Scheemakers apparently failed to prosper in England, for in 1733 he held a sale of his possessions prior to his departure for Paris. It included models and designs said to be by Denis Plumier and the revered European sculptors, Bernini and Duquesnoy, as well as reliefs, statues, busts, chimneypieces, a monument and a variety of rich polychrome marbles.
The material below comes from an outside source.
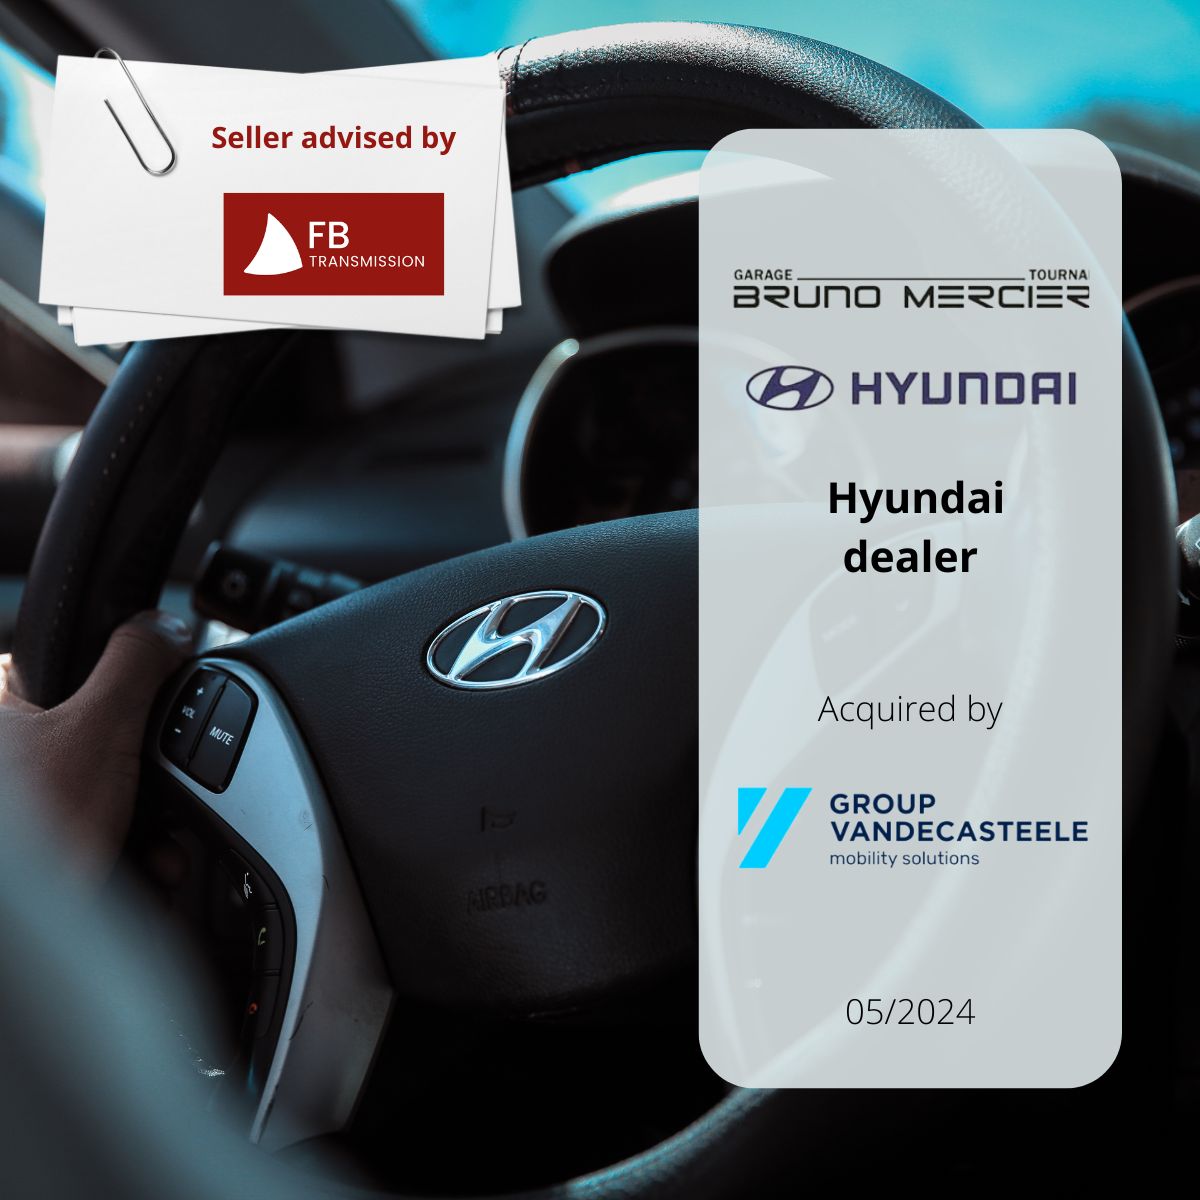 Garage Bruno Mercier – Concessionnaire Hyundai

In France he was involved in decorative programmes in the châteaux of Dampierre and St-Cloud, where he died in 1748.
IR
Literary References: Daily Post, no 4320, 20 July 1733; Vertue III, 61; Baert c1870, 74; Register of the Catholic Chapels, 1941, 37; Weilbachs Kunstnerleksikon, 136; Webb 1957 (3), 115-120; Gunnis 1968, 341; Whinney 1988, 191-3; Roscoe 1990, 26, 29-30; Craske 2000 (2), 96
Archival References: Baptismal Records, OLV Zuid, 4 November 1700 (Antwerp City Archives, PR 19)
Will: Peter Scheemakers PROB 11.1082, 17 v-r , 19 June 1771
The numbers in brackets refer to works listed in the database.